By bounding the input queue we block the thread receiving network packets which will apply back pressure up stream. If the network protocol is TCP, similar back pressure is applied via the filling of network buffers, on the sender. This process can repeat all the way back via the gateway to the customer. For each service we need to configure the queues so that they do their part in achieving the required quality-of-service for the end-to-end customer experience.

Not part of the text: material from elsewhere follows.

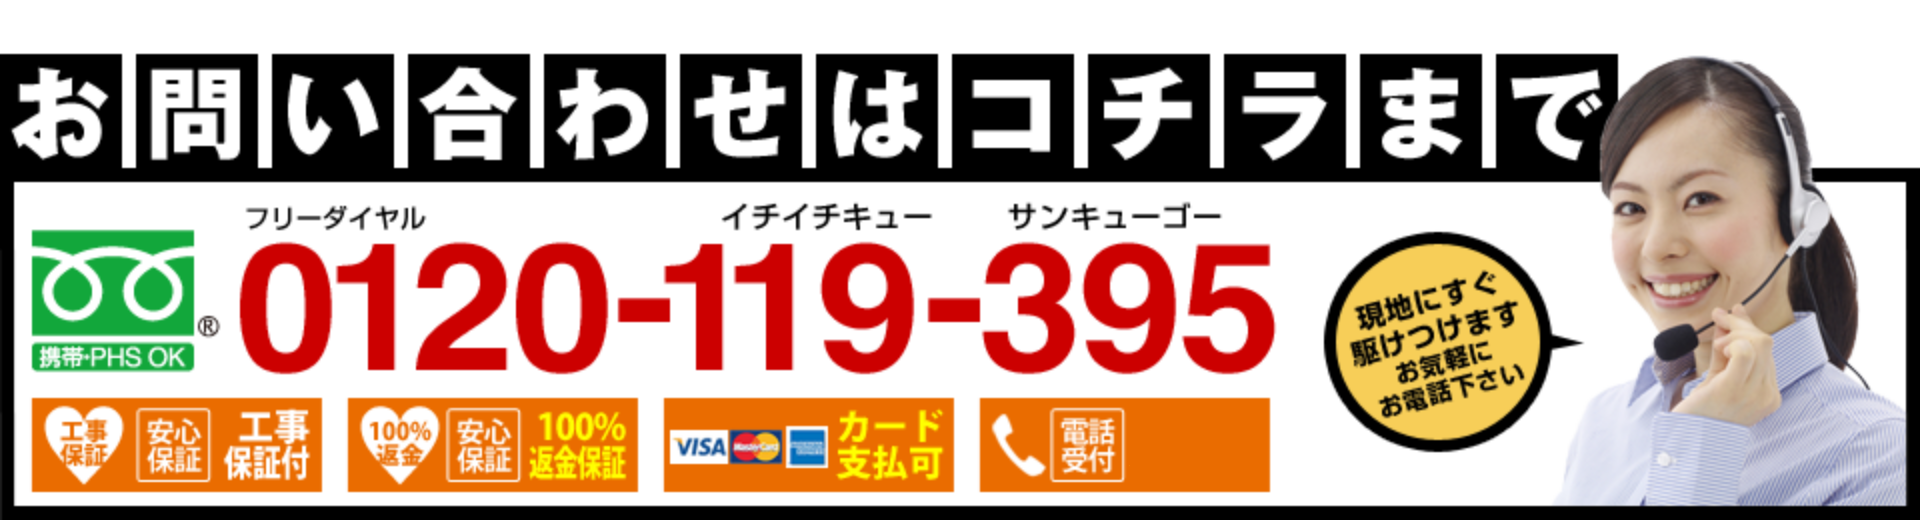 0120-119-395

One of the biggest wins I often find is to improve the time taken to process individual transaction latency. This helps in the best and worst case scenarios.
Worst Case Scenario
Let’s say the queue is unbounded and the system is under sustained heavy load. Things can begin to go wrong very quickly in subtle ways before memory is exhausted. What do you think will happen when the queue is larger than the processor cache? The consumer threads will be suffering cache misses just at the time when they are struggling to keep up, thus compounding the problem. This can cause a system to get into trouble very quickly and eventually crash. Under Linux this is particularly nasty because malloc, or one of its friends, will succeed because Linux allows “ Over Commit” by default, then later at the point of using that memory, the OOM Killer will start shooting processes. When the OS starts shooting processes, you just know things are not going to end well!

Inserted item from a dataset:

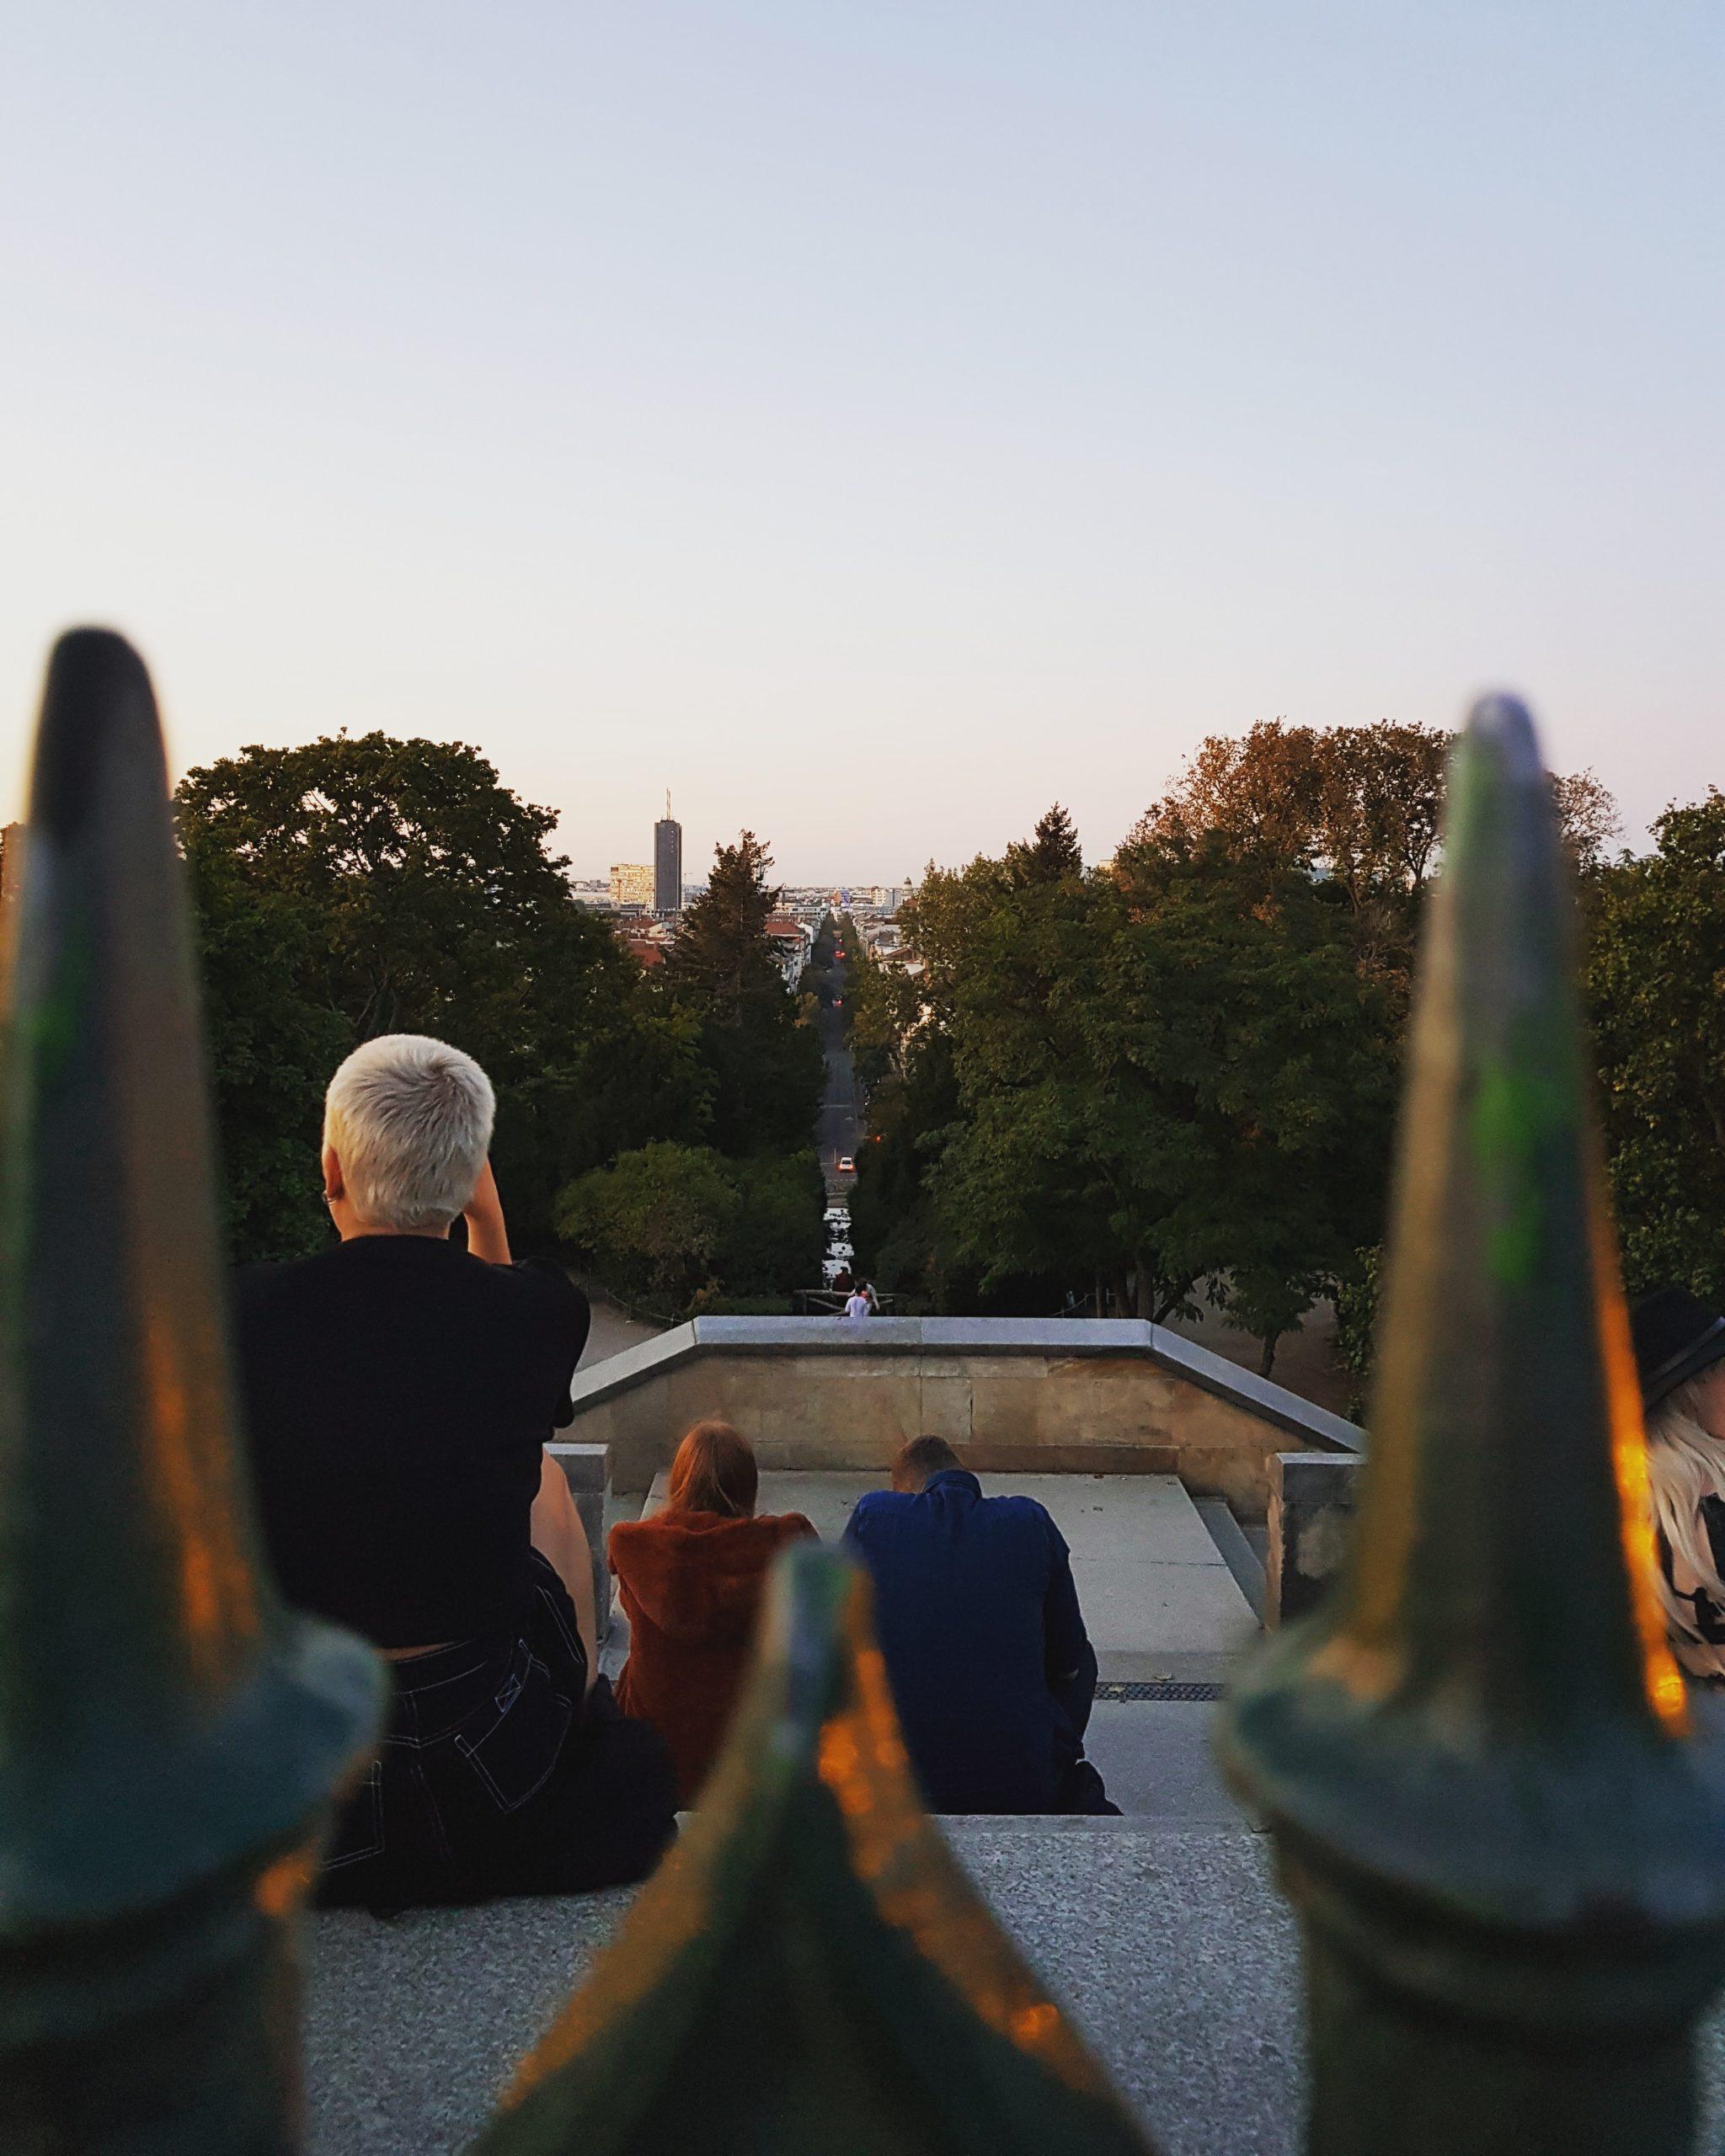 Kreuzberg - things to do in Berlin

What About Synchronous Designs?
You may say that with synchronous designs there are no queues. Well not such obvious ones. If you have a thread pool then it will have a lock, or semaphore, wait queues to assign threads. If you are crazy enough to allocate a new thread on every request, then once you are over the huge cost of thread creation, your thread is in the run queue for a processor to execute. Also, these queues involve context switches and condition variables which greatly increase the costs. You just cannot run away from queues, they are everywhere! Best to embrace them and design for the quality-of-service your system needs to deliver to its customers. If we must have queues, then design for them, and maybe choose some nice lock-free ones with great performance.

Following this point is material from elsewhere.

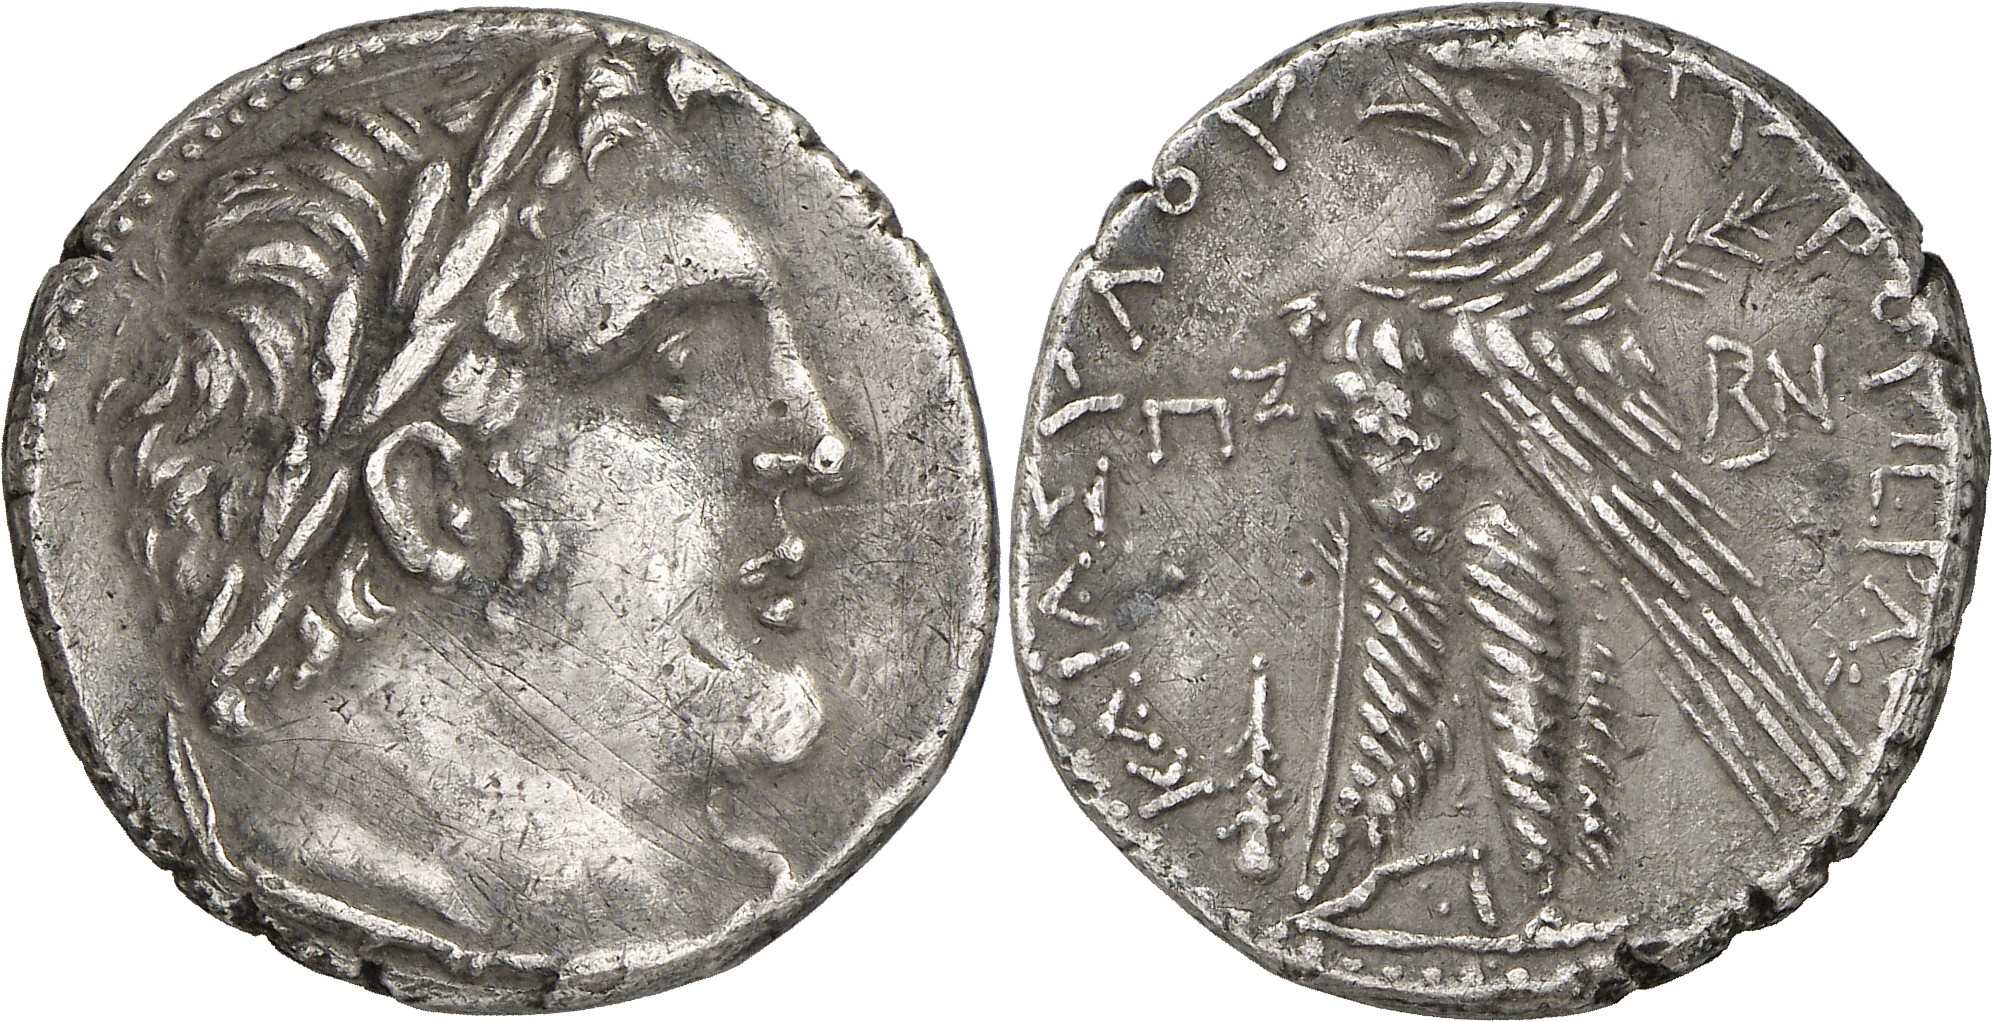 P.J. Murphy poetry, Potters Field, Judas, 30 pieces of silver, Tyre shekels, Melqarth

When we need to support synchronous protocols like REST then use back pressure, signalled by our full incoming queue at the gateway, to send a meaningful “server busy” message such as the HTTP 503 status code. The customer can then interpret this as time for a coffee and cake at the café down the road.
Subtleties To Watch Out For…
You need to consider the whole end-to-end service. What if a client is very slow at consuming data from your system? It could tie up a thread in the gateway taking it out of action. Now you have less threads working the queue so the response time will be increasing. Queues and threads need to be monitored, and appropriate action needs to be taken when thresholds are crossed. For example, when a queue is 70% full, maybe an alert should be raised so an investigation can take place? Also, transaction times need to be sampled to ensure they are in the expected range.
If we do not consider how our systems will behave when under heavy load then they will most likely seriously degrade at best, and at worst crash. When they crash this way, we get to find out if there are any really evil data corruption bugs lurking in those dark places. Applying back pressure is one effective technique for coping with sustained high-load, such that maximum throughput can be delivered without degrading system performance for the already accepted requests and transactions.